Enhancing Neural Training via a Correlated Dynamics Model
Jonathan Brokman, Roy Betser, Rotem Turjeman, Tom Berkov, Ido Cohen, Guy Gilboa
TL;DR
The paper identifies that neural network weight trajectories during SGD exhibit strong correlations that can be captured by a small set of correlated modes. It introduces Correlation Mode Decomposition (CMD), a data-driven approach that clusters weight trajectories into modes and represents each weight as w_i(t) ≈ a_i w_m(t) + b_i using mode references w_m(t); it also provides online CMD and embedded CMD variants to integrate modeling with training. Compared to state-of-the-art low-dimensional dynamics methods such as P-BFGS, CMD achieves superior or competitive accuracy across diverse architectures (e.g., ResNet18, WideResNet, ViT-b-16) and tasks, while enabling substantial reductions in communication in Federated Learning by transmitting only embedded coefficients and a few mode references. CMD also offers visualization benefits by enabling smooth loss/accuracy landscapes in reduced-dimensional spaces, and it acts as an implicit regularizer comparable to EMA/SWA. The practical impact includes improved training efficiency, reduced communication overhead, and broader applicability to real-world distributed learning scenarios.
Abstract
As neural networks grow in scale, their training becomes both computationally demanding and rich in dynamics. Amidst the flourishing interest in these training dynamics, we present a novel observation: Parameters during training exhibit intrinsic correlations over time. Capitalizing on this, we introduce Correlation Mode Decomposition (CMD). This algorithm clusters the parameter space into groups, termed modes, that display synchronized behavior across epochs. This enables CMD to efficiently represent the training dynamics of complex networks, like ResNets and Transformers, using only a few modes.
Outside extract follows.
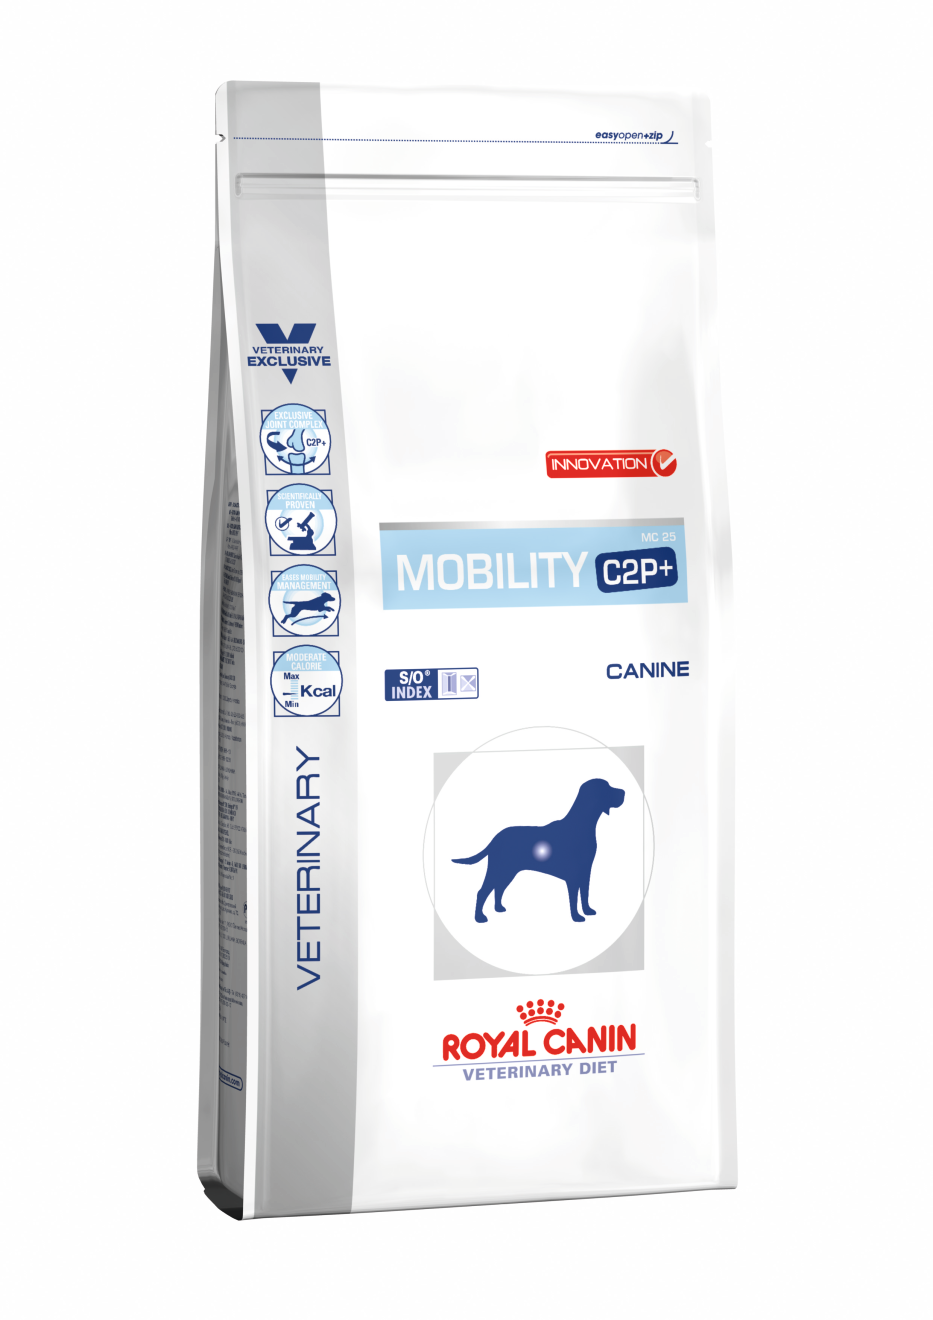 royal canin hypoallergenic medium dog

Moreover, test set generalization is enhanced. We introduce an efficient CMD variant, designed to run concurrently with training. Our experiments indicate that CMD surpasses the state-of-the-art method for compactly modeled dynamics on image classification. Our modeling can improve training efficiency and lower communication overhead, as shown by our preliminary experiments in the context of federated learning.